Мишку шить было неохота, при виде выкроек мне сразу мерещился звонкий голос командира Лены. Да и не любила я долго ковыряться. Куда больше мне нравились быстрые и эффектные решения.

Когда родители пришли с работы, я встречала их в шикарном, белом в пол платье «летучая мышь», с бордовым бутоном у откровенного выреза. Если бы Оля успела переписать слова, я бы спела им «Улетай, туча!». Но они и без того замерли столбом.

— Алла Пугачева, — догадалась мама. Прозвучало это почему-то обреченно.

— Ух ты, откуда такая роскошь? — удивился папа.

Но мама уже показывала ему глазами на валяющиеся на кровати ножницы.

Папа вдруг вспомнил, что забыл закрыть машину, и быстро ретировался. Я догадалась, что он убежал смеяться. Мама считала, что хихикать надо мной непедагогично, куда полезнее ставить в пример других детей. Вот и сейчас она сказала:

— Не думаю, что твой друг Сережа совершил бы такое!

— Конечно, — фыркнула я. — Он же не шахиня! И вообще не женщина.

Продолжать дискуссию мама не стала. Вероятно, потому что простыни выдавались на больничном складе без ограничения и от дырки в центре одной из них мамино хозяйство не пострадало.

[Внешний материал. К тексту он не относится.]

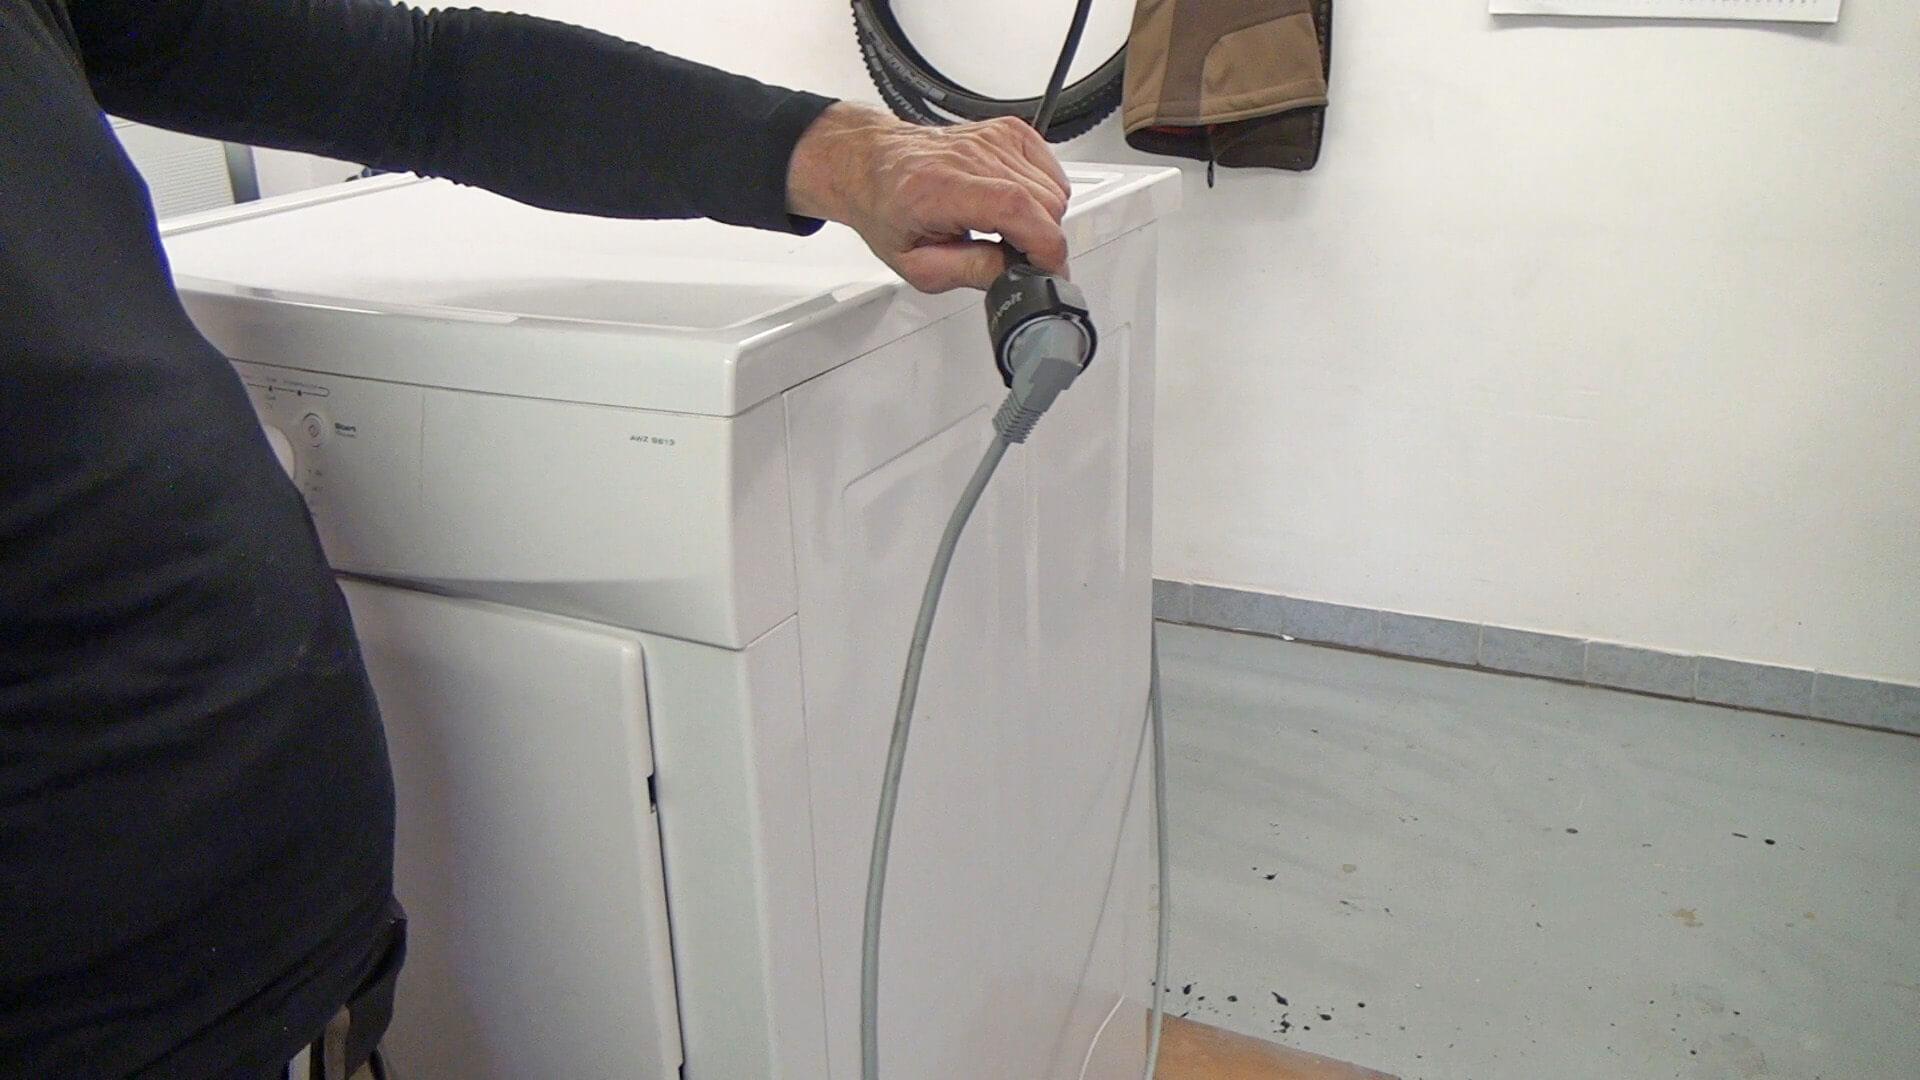 Reparaturanleitung: whirlpool trockner thermostate der heizung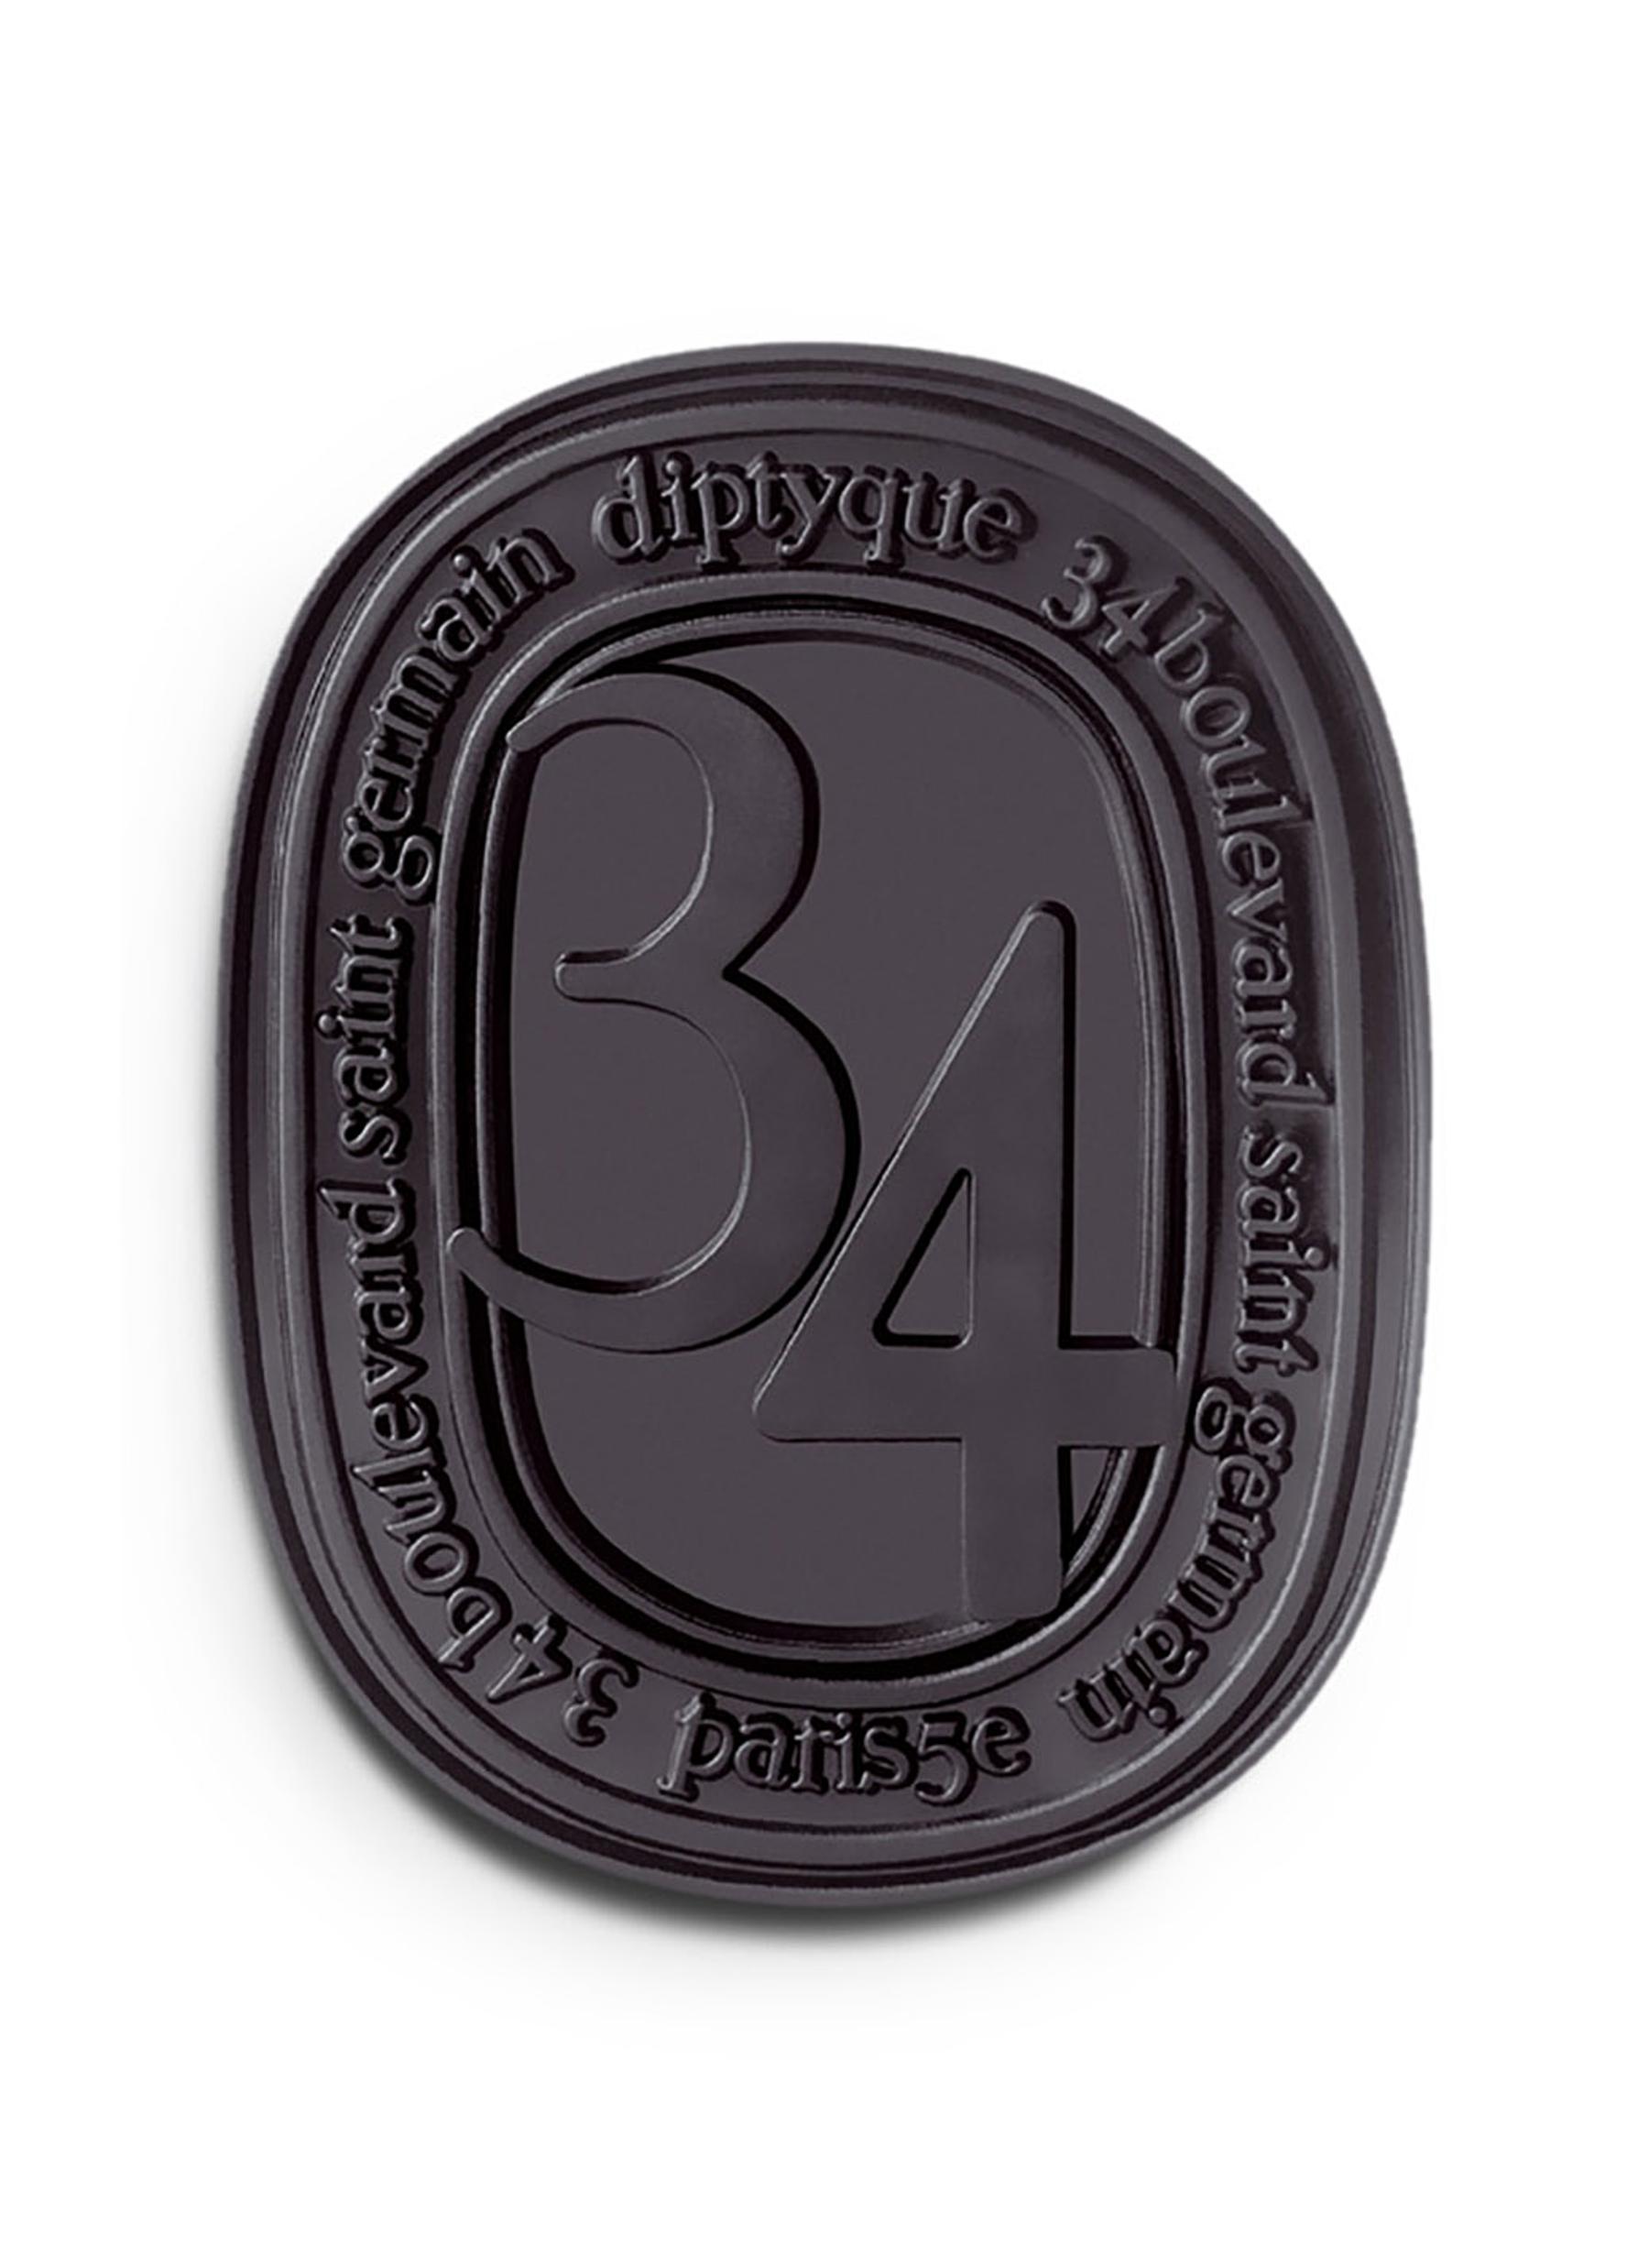 34 boulevard saint germain solid perfume by diptyque

Да и мою модельерскую находку трудно было не оценить! Если ровно в середине простыни вырезать отверстие и просунуть в него голову, получается та самая «летучая мышь»! Остается сделать по одному стежку справа и слева на талии, чтобы обозначить конец рукавов и начало юбки — и модный фасон готов! Просто и элегантно, это вам не олимпийского мишку шить по выкройке! Самое смешное, что висящие в магазинах платья примерно так и шились, только не из простыни. И революционная идея была не совсем моей авторской. Выбирая платье в «Куроше», я внимательно рассмотрела, как устроены многочисленные «летучие мыши», размышляя, можно ли заказать такое тете Рае из прачечной? Или «да тут шитья пойдет аршин», как пел Высоцкий и выражался мой папа, когда хотел сказать, что поступок кажется ему нерациональным.

Мама только спросила, где же я взяла такой элегантный бутон цвета бордо, прикрепленный к щедро вырезанному в простыне декольте?!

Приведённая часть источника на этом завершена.